(Pintura: Leonid Afremov) |
No mais fundo de ti,
eu sei que traí, mãe
Tudo porque já não sou
o retrato adormecido
no fundo dos teus olhos.
Tudo porque tu ignoras
que há leitos onde o frio não se demora
e noites rumorosas de águas matinais.
Por isso, às vezes, as palavras que te digo
são duras, mãe,
e o nosso amor é infeliz.
Tudo porque perdi as rosas brancas
que apertava junto ao coração
no retrato da moldura.
Se soubesses como ainda amo as rosas,
talvez não enchesses as horas de pesadelos.

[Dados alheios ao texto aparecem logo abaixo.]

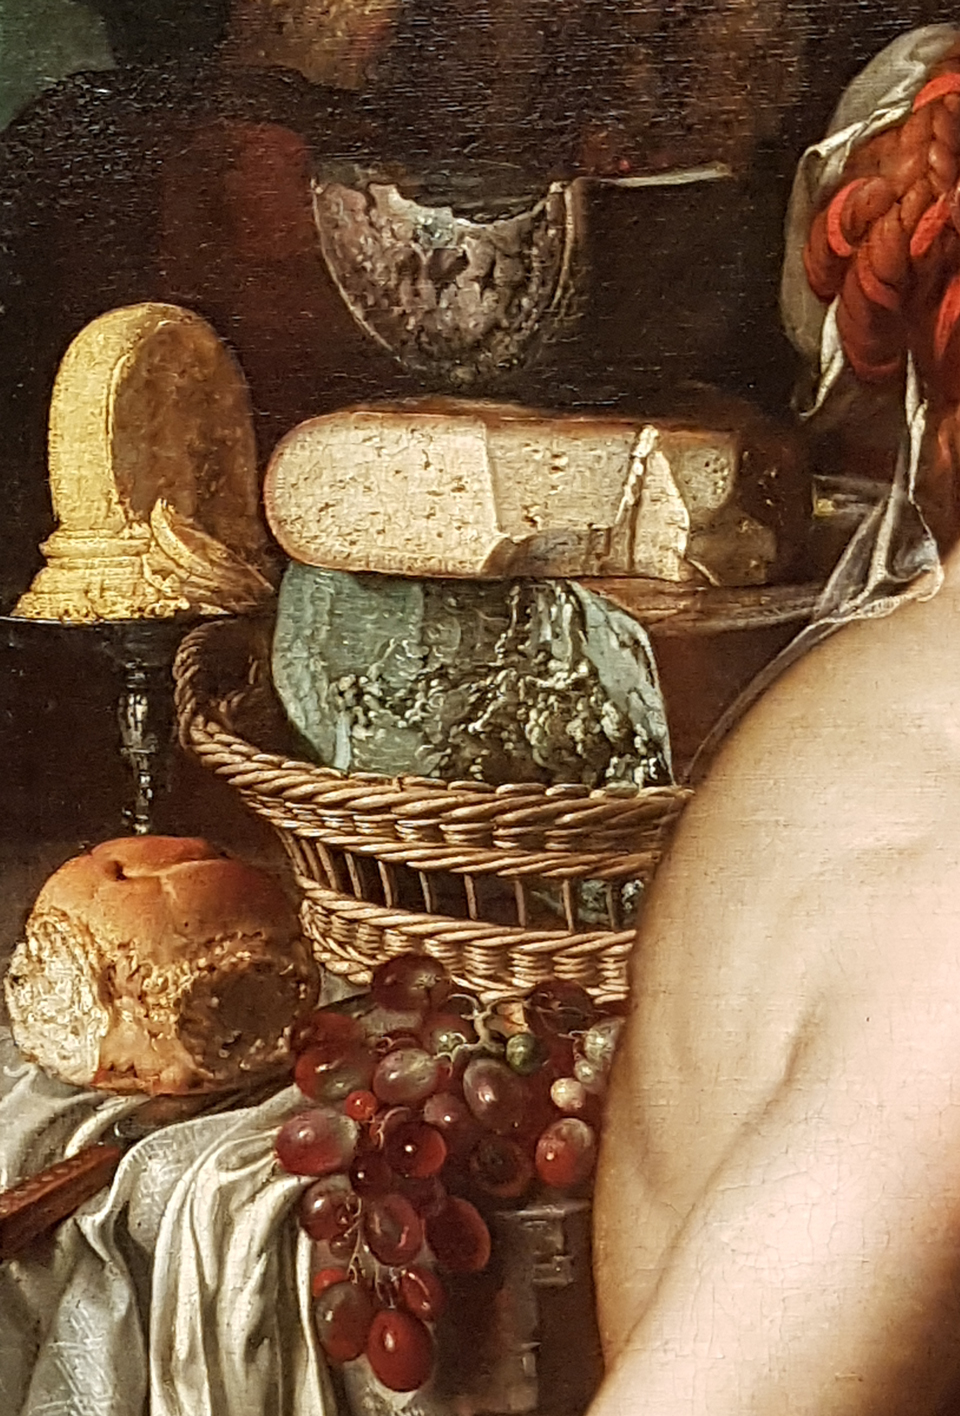 Joachim Wtewael_Lot en zijn dochters 1604

Mas tu esqueceste muita coisa;
esqueceste que as minhas pernas cresceram,
que todo o meu corpo cresceu,
e até o meu coração
ficou enorme, mãe!
Olha — queres ouvir-me? —
às vezes ainda sou o menino
que adormeceu nos teus olhos;
ainda aperto contra o coração
rosas tão brancas
como as que tens na moldura;
ainda oiço a tua voz:
Era uma vez uma princesa
no meio de um laranjal...
Mas — tu sabes — a noite é enorme,
e todo o meu corpo cresceu.
Eu saí da moldura,
dei às aves os meus olhos a beber,
Não me esqueci de nada, mãe.
Guardo a tua voz dentro de mim.
E deixo-te as rosas.
Boa noite. Eu vou com as aves.
Eugénio de Andrade,
in "Os Amantes Sem Dinheiro"
2 comentários:
Se eu pudesse reter todas as lembranças, as boas e as "menos boas", as palavras que eu nunca disse, os carinhos retidos, mas o amor quando é verdadeiro, ele chega ao seu destino através das palavras que eu nunca disse e dos carinhos que eu não exprimi. O amor entre mãe e filho é algo inexplicável, quando verdadeiro é algo mágico, e eu tive a felicidade de experimentar os dois papeis.Talvez um dia eu consiga alargar os meus horizontes e partilhar esse sentimento com todos os que o conseguirem receber.
Nós somos sempre os eternos meninos aos olhos das nossas mães. Mas é das melhores benções poder tê-las nas nossas vidas. Bem hajam.
Belo hino ao fim da adolescência.
Quem dizer que não há bons escritores portugueses então não conhece a nossa cultura.